Foreign Bondholders Prosper, Small U.S. Investors Suffer In Fannie-Freddie Bailout
When Fannie Mae and Freddie Mac were taken over by the U.S. federal government on Sept. 7, the companies’ stock share prices responded by plummeting more than 80%, with preferred and common stock reaching historic lows. Now, thousands of individual investors who bought stock in the two mortgage giants based on assurances from government officials that the companies would once again ascend to new heights are asking themselves where it all went wrong.
Adam Freid is one of those investors. As reported Sept. 12 in the Wall Street Journal, the general contractor from Thousand Oaks, Calif., bought approximately 25,000 common shares of Freddie Mac when the price was around $5. Among other things, he made the investment, he says, because of the mortgage guarantor’s August earnings report. Though the results were far from glowing - it posted a net loss of $821 million, its fourth consecutive quarterly loss - Freddie Mac also said it was committed to raising $5.5 billion of new capital.
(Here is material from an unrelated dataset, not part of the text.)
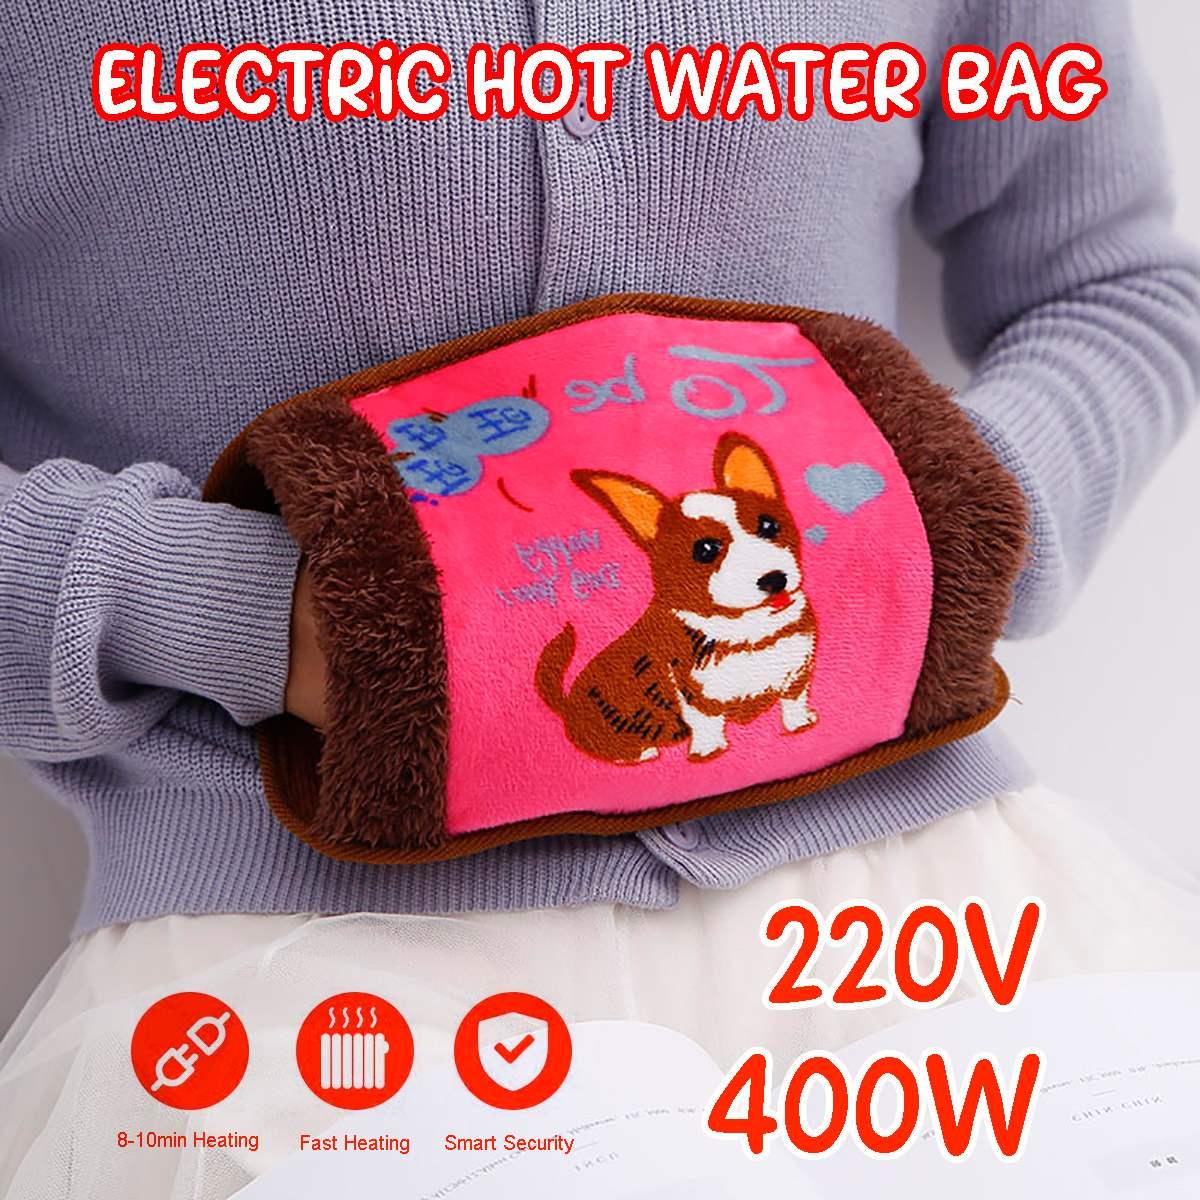 Электрический зимний подогреватель для рук, бутылка для горячей воды, ручная зарядка, электрическая сумка для горячей воды с случайным рису...

Comments by Treasury Secretary Henry Paulson that a government takeover of Freddie Mac and Fannie Mae would not come to fruition served to offer additional assurance for Freid.
Indeed, in July, the Treasury Department released a statement from Paulson in which he is adamant in stating that Fannie Mae and Freddie Mac “must continue in their current form as shareholder-owned companies.” That same month, Paulson testifies before a congressional hearing and reports that both companies are adequately capitalized.
The about-face came on Sept. 7, when Paulson announced that Fannie Mae and Freddie Mac had been seized by the federal government and placed into a conservatorship. As for individual investors like Freid, they were left bewildered and angry. Freid is out more than $100,000 - money he planned to use for his children’s future college education. Now he’s considering a class-action lawsuit against Freddie Mac.
These investors want answers - and for government officials, just like company executives, to be held accountable for stating what they say were misleading facts and false information about Fannie Mae and Freddie Mac’s imminent future.
Not everyone has come up short from the Fannie Mae/Freddie Mac bailout, however. While thousands of individual U.S. investors have been left financially drained, foreign bondholders apparently are doing just fine. The current structure of the bailout calls for more than $1.3 trillion worth of the Fannie Mae and Freddie Mac debt held by central banks and foreign investors to be fully guaranteed by the U.S. government.